Idiopathic membranous nephropathy (iMN) is the major cause of nephrotic syndrome in adults1. Its common pathological finding is the presence of subepithelial deposition over glomerular basement membrane (GBM). The outcome is heterogeneous, spreading from a self-limited status to an end-stage renal disease (ESRD). In addition, the mainstream treatment for iMN is immunosuppressants. However, there is no consensus among medical professionals regarding the timing, types and doses of immunosuppressants. Recently, published in Kidney Disease Improving Global Outcomes (KDIGO) have suggested alkylating agents to be used only in patients with the highest risk for kidney failure in order to avoid unnecessary complications, like infections2. Therefore, the identification of the risk factors for renal outcome of iMN is needed.
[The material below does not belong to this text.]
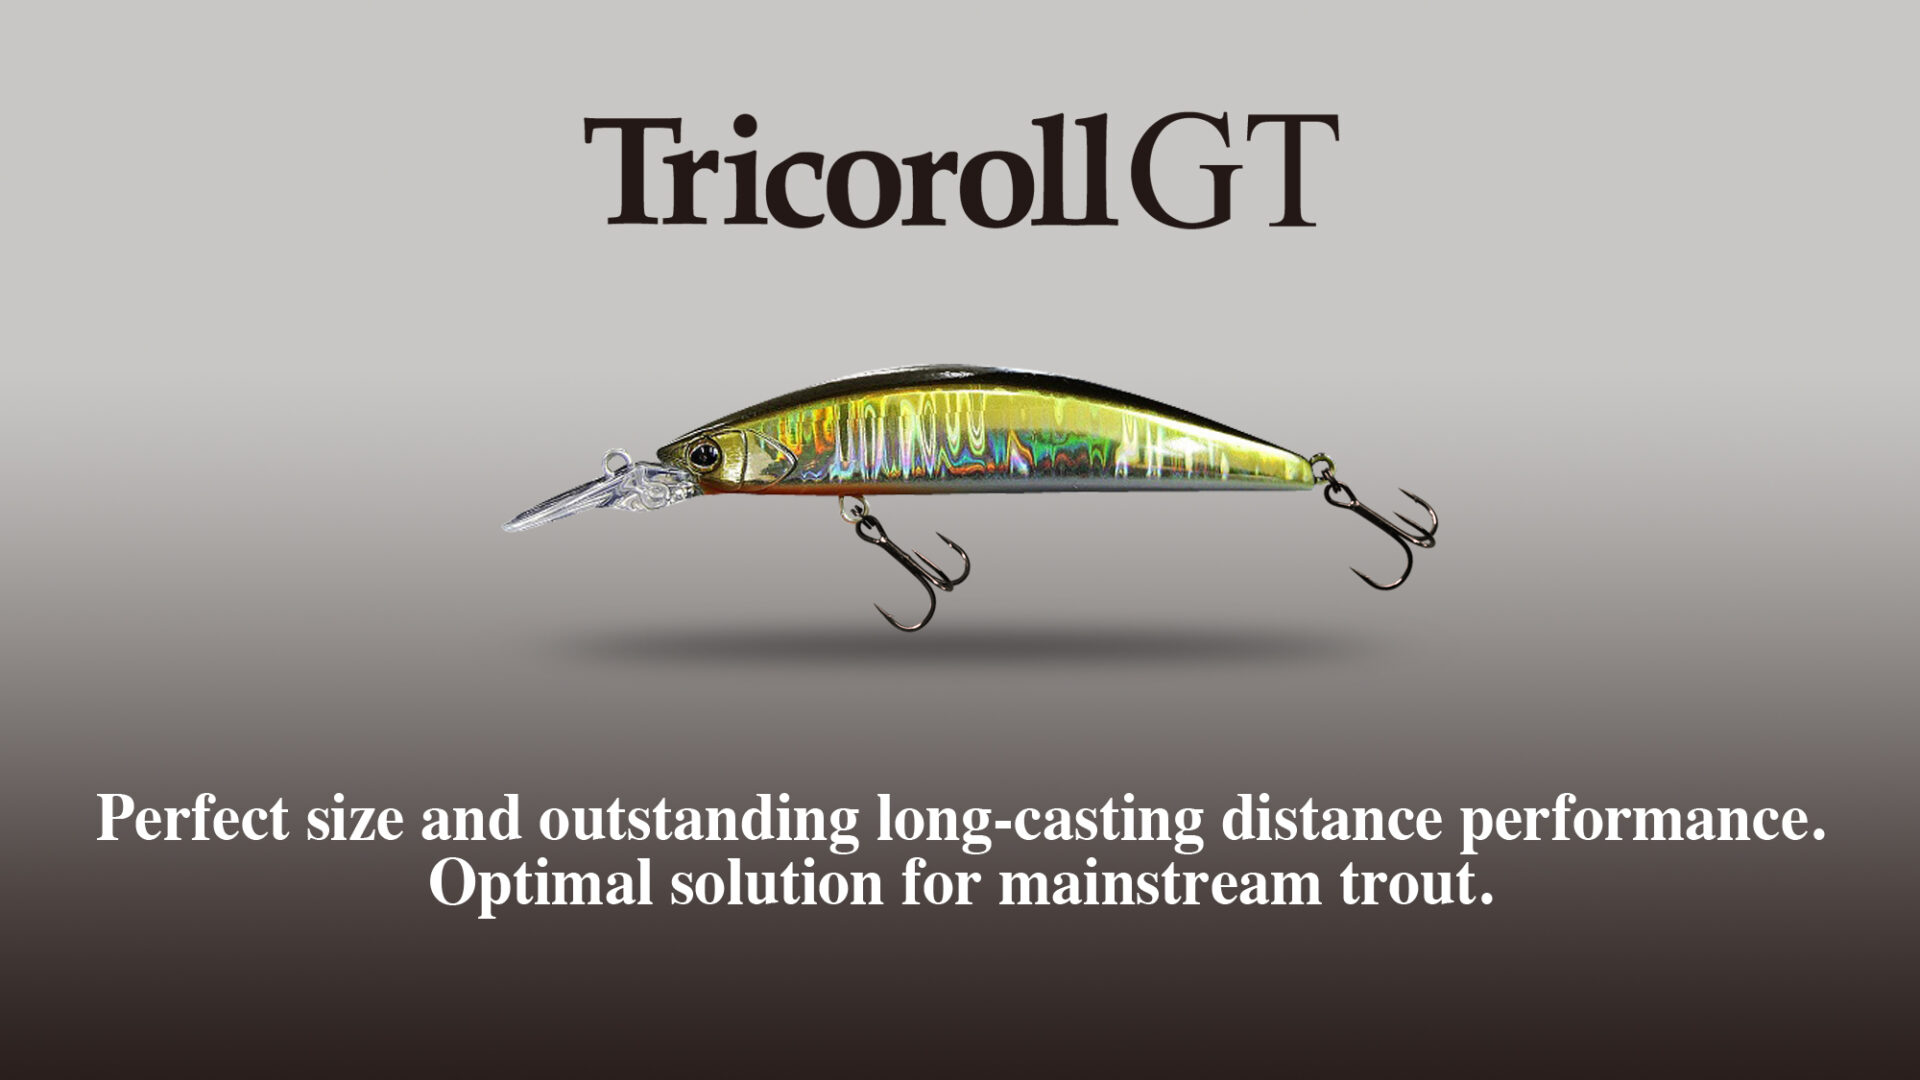  Tricoroll GT

Toronto Risk Score was proposed in 1997 to predict the renal outcome in patients of iMN3. It is based on three parameters: (a) time-averaged proteinuria (highest sustained 6-month period of proteinuria), (b) creatinine clearance (CCr) at diagnosis, and (c) the slope of CCr over 6 months. There is however no long-term follow-up study published for this model. In addition, no validation of this model has been made to include other other non-western races. Increasingly more markers (like including urinaryβ2-microglobulin orα1-microglobulin4,5, and anti- phospholipase A2 receptor antibody (anti-PLA2R)6 have been developed to strengthen the predictive power. Furthermore, the knowledge of molecular pathogenesis of iMN is actually rare. Recently, differentially expressed microRNAs and their downstream network may be involved in iMN pathogenesis and could be considered as potential diagnostic biomarkers of MGN7. Until now, none of the above approaches is perfect, and the outcome of iMN remains poorly predicted. Therefore, other factors responsible for predicting the outcome of iMN needed to be discovered. Here, we conducted a long-term retrospective study on such patients and analyzed the risk factors for their renal outcomes.
Materials and Methods
We conducted a retrospective cohort study covering the period from January 2003 to December 2013. We enrolled participants of ages >20 years and who had received a first renal biopsy for their diagnoses of iMN in our medical center. Graft renal biopsies were excluded. In this medical center, we had the largest population of renal biopsies (>8000 times over 30 years) in Taiwan. We collected patients with the diagnosis of iMN, instead of secondary MN. All recruited patients also did not have other autoimmune disease and infection disease. This study was approved by Ethics Committee of Taichung Veterans General Hospital, IRB number: CE15125B. All methods were carried out in accordance with relevant guidelines and regulations and informed consent was obtained from all subjects.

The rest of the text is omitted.